One squash, one baking dish, and you’ve got a complete main course that looks impressive but is surprisingly straightforward.

The star here is potimarron, also known as red kuri squash. It has a chestnut-like flavour, thin edible skin and a naturally sweet flesh that stands up well to long roasting. Norbert turns it into a vessel for a deeply savoury filling and finishes it with melting mozzarella.

What goes inside the stuffed squash

The filling combines meat, vegetables, nuts and dairy for a balanced, almost rustic flavour. The recipe shared by Norbert uses everyday ingredients you can find in most supermarkets.

Core ingredients at a glance

  • 1 red kuri squash (potimarron)
  • 200 g minced beef
  • 30 g breadcrumbs
  • 100 g mozzarella
  • 200 g button mushrooms
  • 1 onion
  • 2 garlic cloves
  • 1 sprig of thyme
  • 50 g walnuts
  • A small splash of Port
  • 20 g pouring cream
  • Butter, olive oil, salt and pepper

The mix reads like a textbook on comfort cooking: fat for richness, herbs for perfume, nuts for crunch and a fortified wine to bring depth.
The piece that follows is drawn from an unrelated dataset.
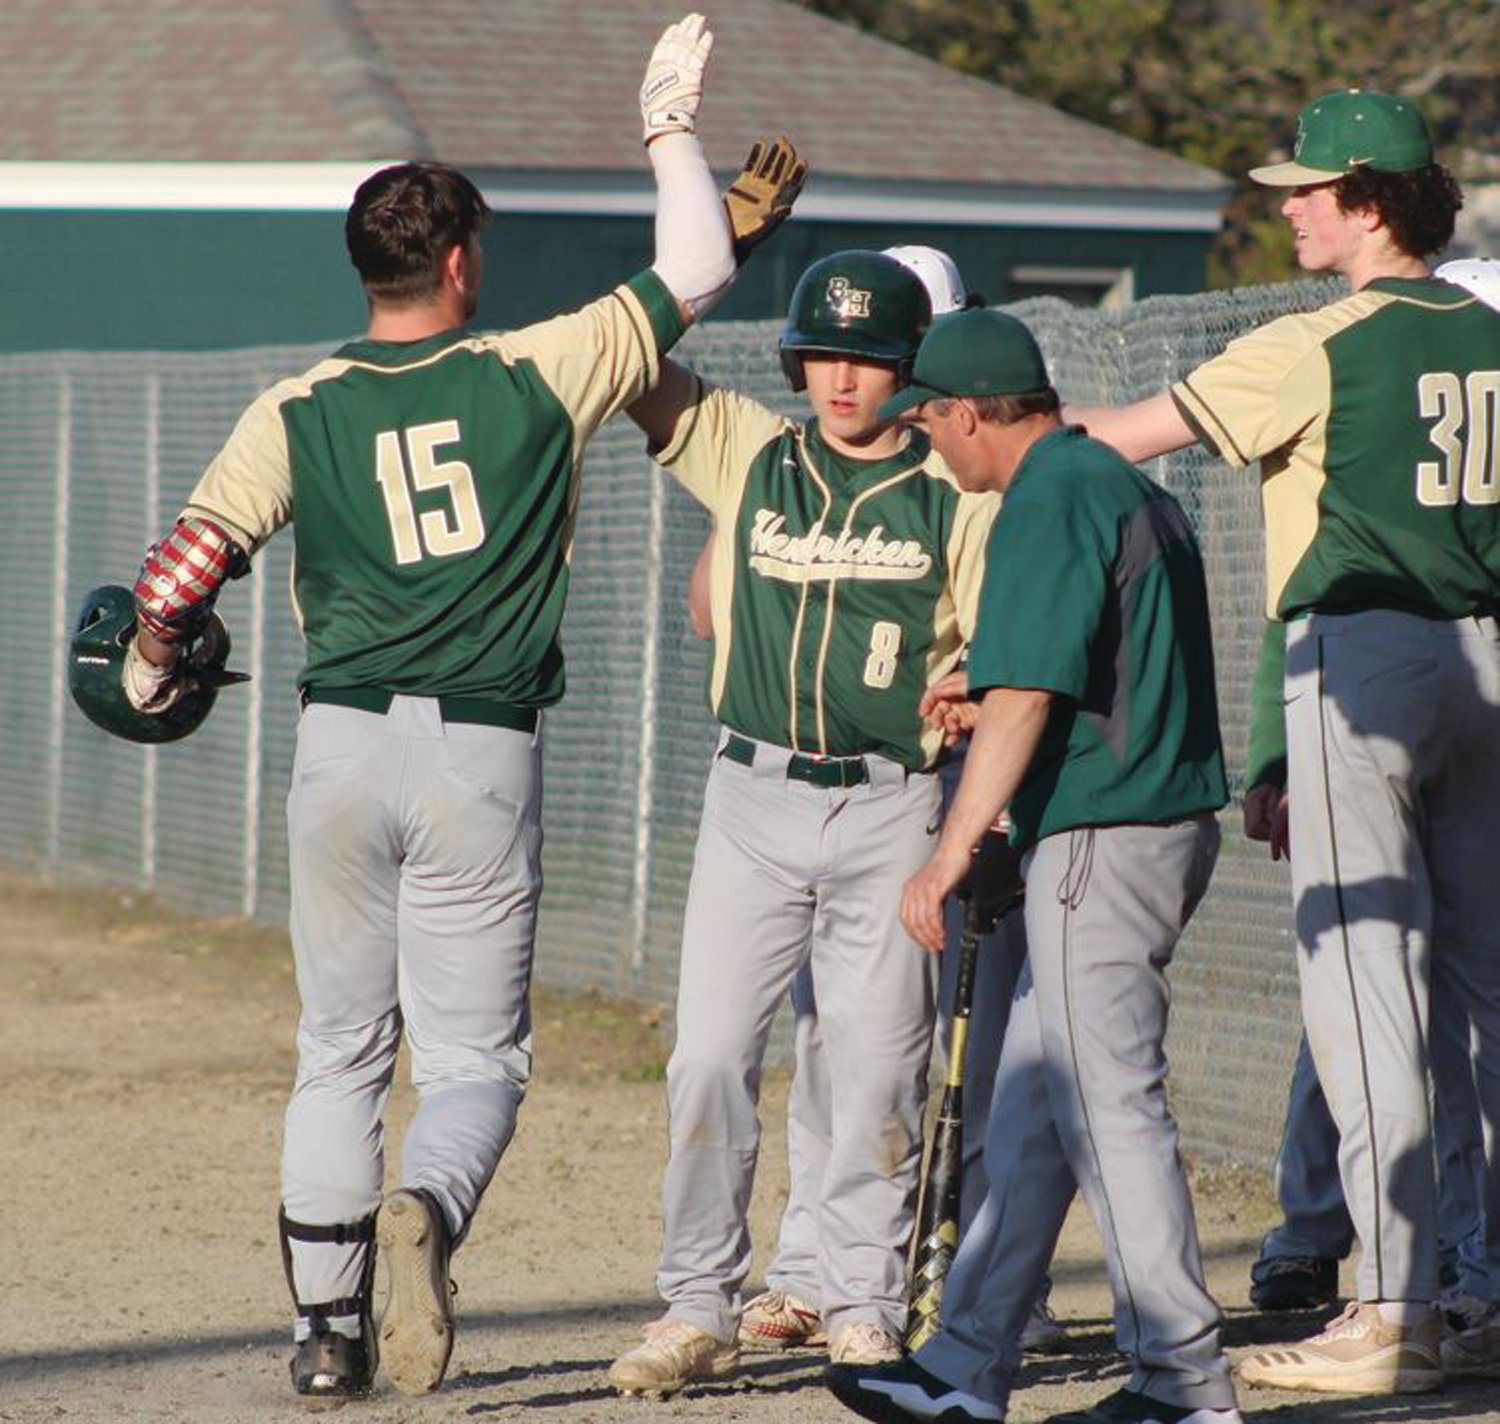 STAYING HOT: Hendricken players celebrate after a home run on Monday. (Photos by Alex Sponseller)

The combination of Port, cream and mushrooms gives the filling a velvety, almost sauce-like texture that soaks into the roasted squash.

Step-by-step: how Norbert builds flavour

1. Preparing and roasting the squash

The recipe starts with preheating the oven to 180°C (about 350°F). The squash is washed thoroughly, then the chef slices off the top to create a lid. This “hat” will go back on later, giving the dish a dramatic, almost fairytale look on the table.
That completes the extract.